Dr. Sheridan, who also is chief of burn surgery at the Shriners Hospital for Children in Boston, is one of many doctors who performed life-saving operations and now plan to help rehabilitate patients. "We are trying to put together a program that would last a generation," he said.
The United Nations has put together a "sub cluster" to help disabled in the wake of Haiti's earthquake. The group, headed by Handicap International, had its first meeting in late January in Port-au-Prince, with representatives from the Haitian government as well as Healing Hands, Doctors Without Borders, Christian Blind Mission International and others.

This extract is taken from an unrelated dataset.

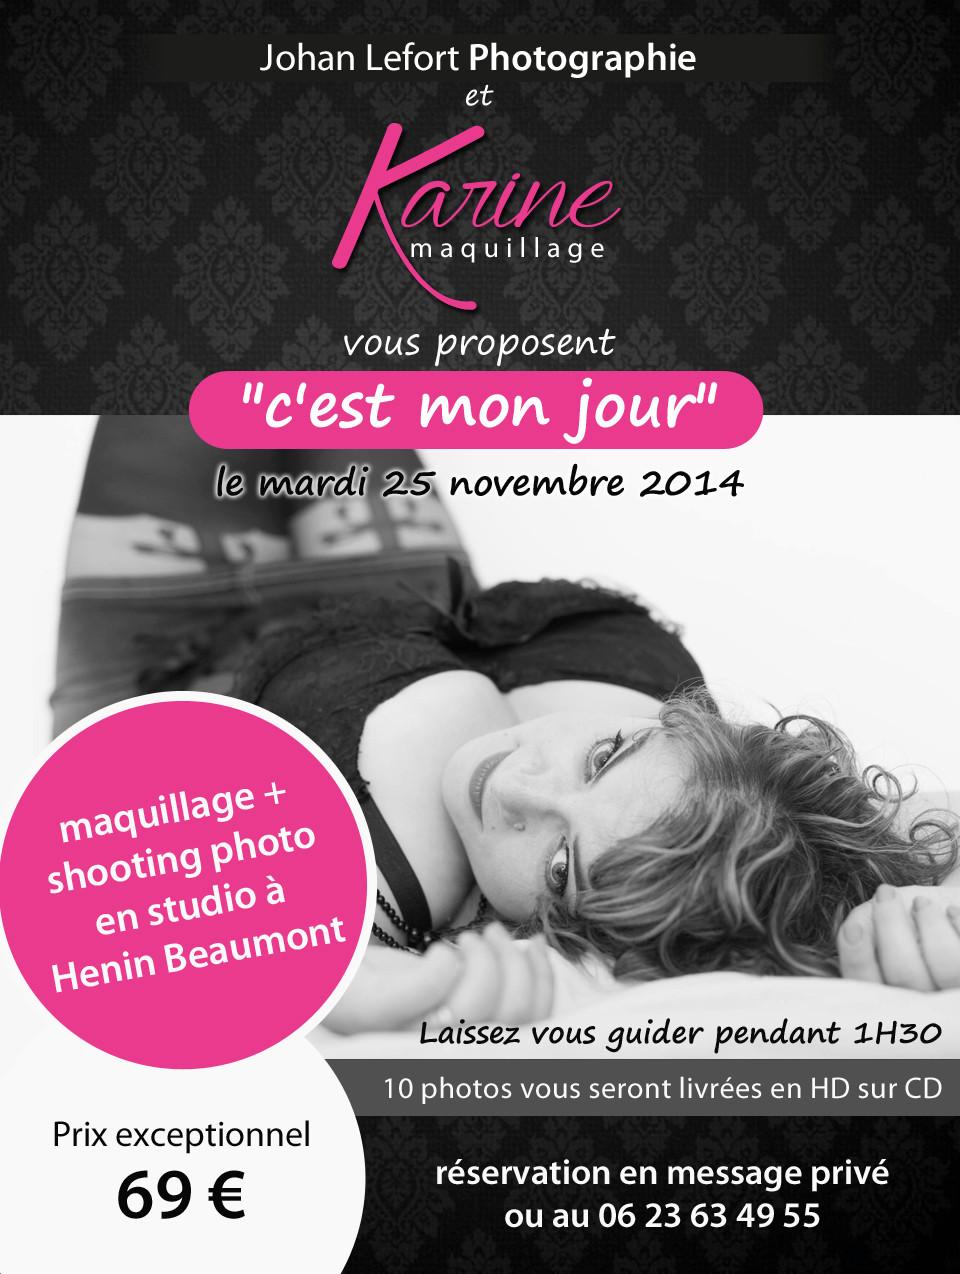 Pub-Facebook-Karine-maquillage (3).jpg

The group will start producing temporary "emergency" prostheses in mid-February with salvaged equipment from Healing Hands in a tent compound near the Port-au-Prince airport. Components are to be shipped this weekend from France to supply 50 temporary artificial legs to patients whose stumps will soon be healed enough to be fitted, which takes between 4 weeks to several months. Components for 250 more prostheses are to arrive in the next month. These temporary limbs allow patients to regain mobility and generally they receive a customized limb in four to six months.
The group is planning to build at least one more new prosthetic factory in addition to the one Healing Hands intends to rebuild. "We will need more than one plant to handle all of this," says Wendy Batson, Handicap International's executive director.

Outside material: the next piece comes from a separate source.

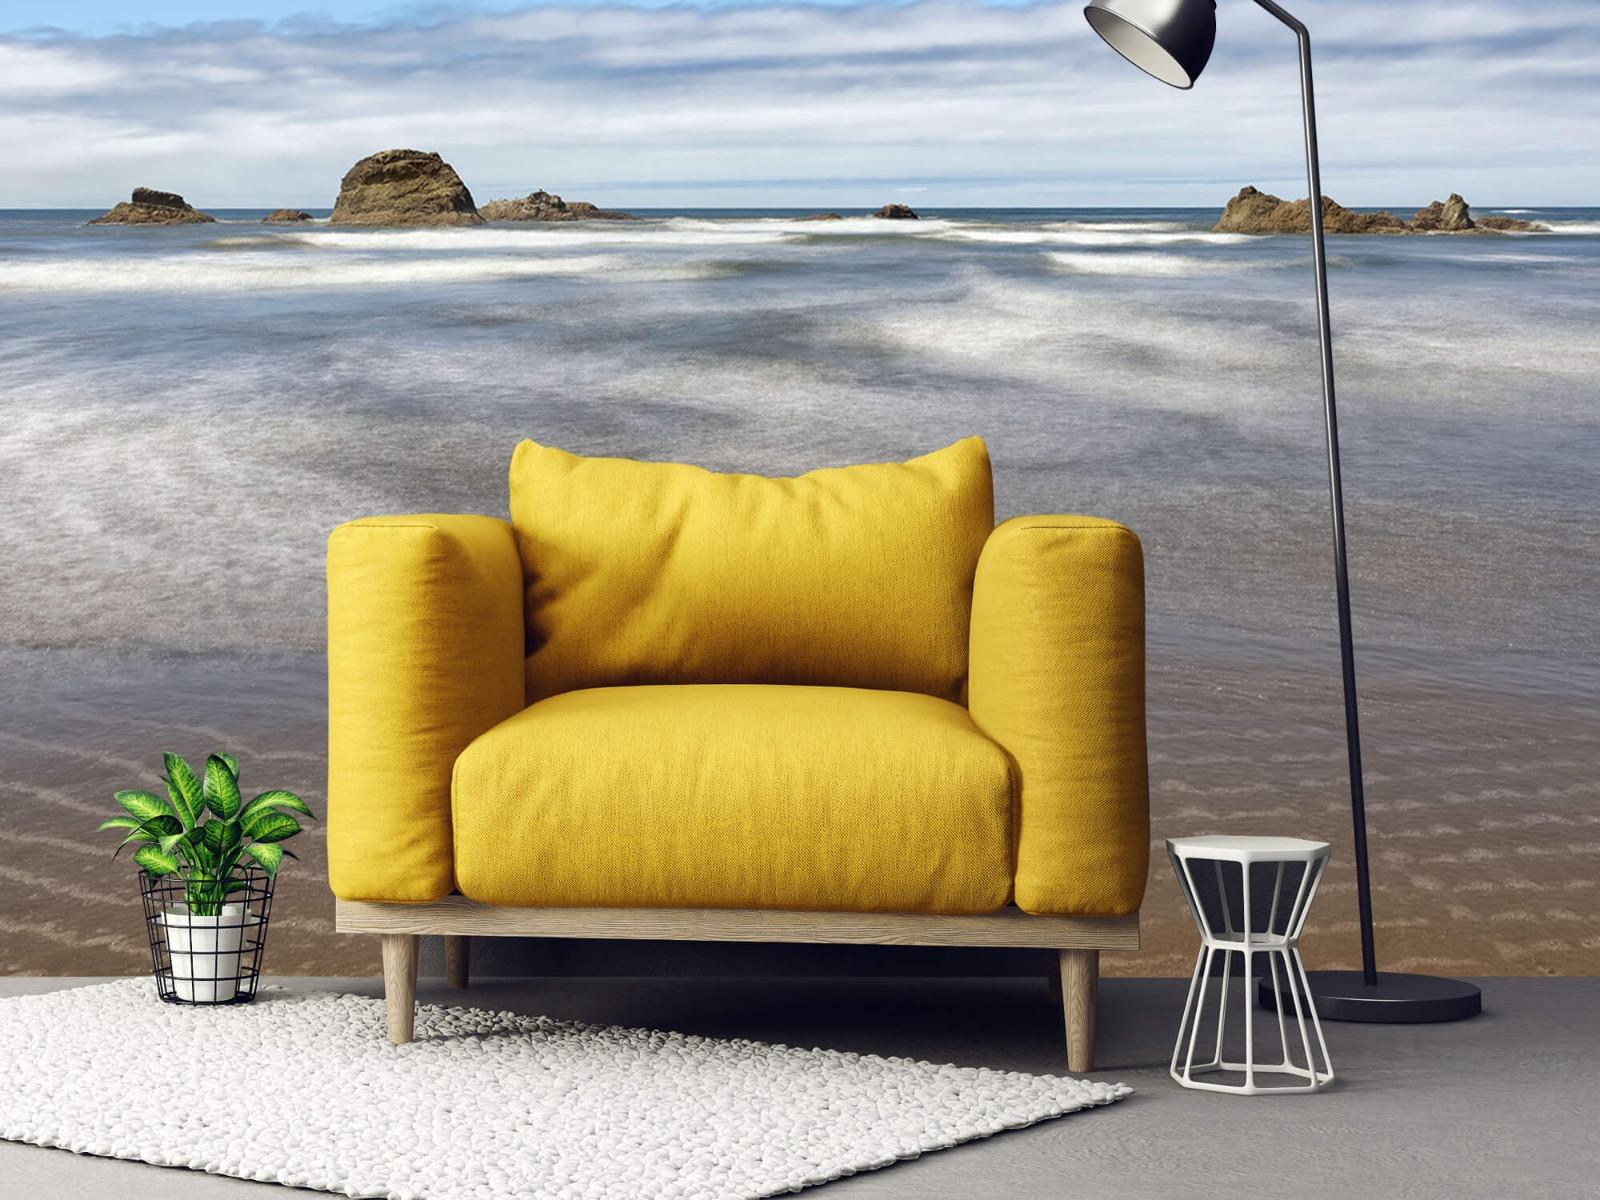 Zeeën en Oceanen - Strand met rotsen - Slaapkamer 22

The goal, Ms. Batson says, is to train workers to use local material to produce limbs at a cost residents can sustain—about $35 to $75 each for materials and labor. By comparison, in the U.S., insurance companies are billed as much as $20,000 each.
The number of Haiti's new amputees remains unknown. Handicap International counted 1,500 at 14 hospitals and heard of another 500. Ms. Batson estimates there are perhaps 4,000 in all.

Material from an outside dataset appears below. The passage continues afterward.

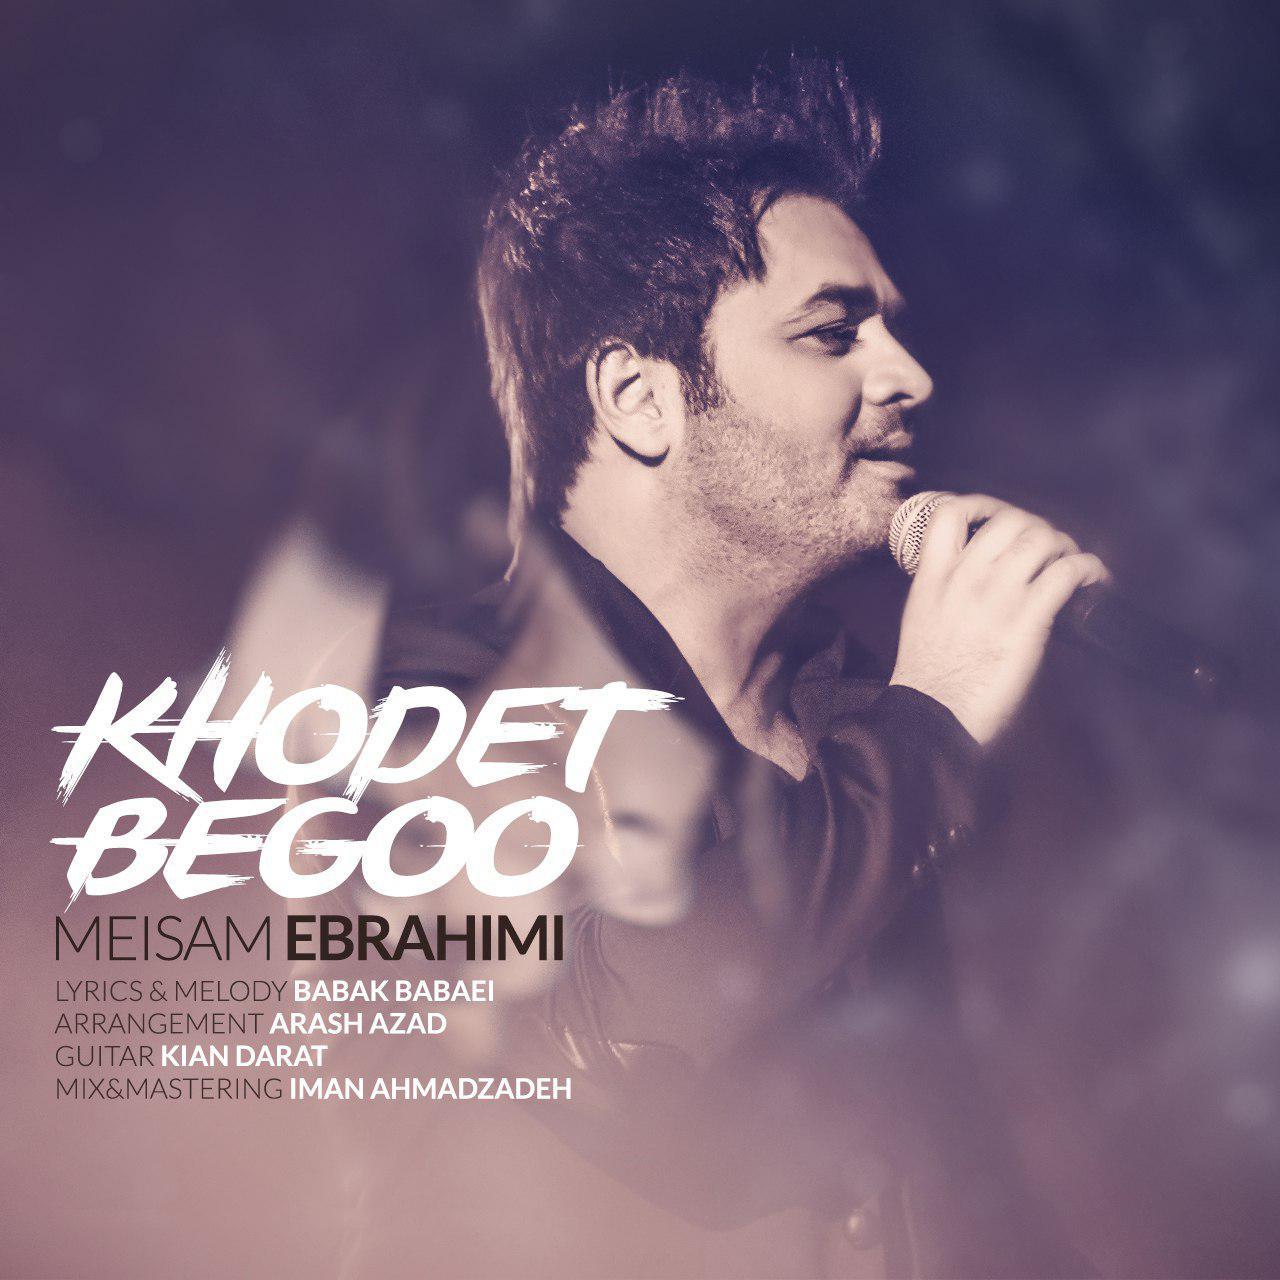 دانلود آهنگ جديد میثم ابراهیمی به نام خودت بگو

Joia S. Mukherjee, medical director for Partners in Health, estimates 20,000 to 40,000 people may have lost limbs. At the group's hub in Cange, doctors in two operating rooms performed dozens of amputations in a single week. "This is going to be like Cambodia," she says, which has more than 40,000 amputees whose limbs were blown off by land mines.
Haiti's wounded were in worse condition than those in other countries hit by quakes, such as Pakistan and China, says Handicap International's Ms. Batson, because Haiti's medical infrastructure was destroyed. Many people lacked access to quick treatment that would have forestalled gangrene.
Joseph Shello, a construction worker, spent four days seeking medical care after the earthquake. By then, it was too late to save his mangled right hand, doctors at the Partners in Health Cange hospital told him. "I don't know how I will work again," said Mr. Shello.
The problem is among many acute medical issues facing Haiti. Trauma cases are decreasing, doctors say, but more patients now require mental-health care. Also on the rise are cases of diarrhea, tetanus and chicken pox, according to the United Nations. To prevent the spread of disease, the government says it will begin emergency vaccinations this week. UNICEF intends to deliver 24,000 latrine slabs, but is puzzling over how to install them amid rocky ground, concrete surfaces and a lack of sewage.
Giving birth to handicapped children, Mr. Doubt says, is considered bad luck because it economically disadvantages a family. Orphanages have a disproportionate number of disabled children as a result. He and others hope that given the new wave of amputees that have come out of the earthquake, the nation, with the help of outside organizations, will build a better support system.
"We are talking to foundations, medical bodies and other non-government organizations," Mr. Doubt says. "We are trying to find the resources to get something going quickly to rebuild."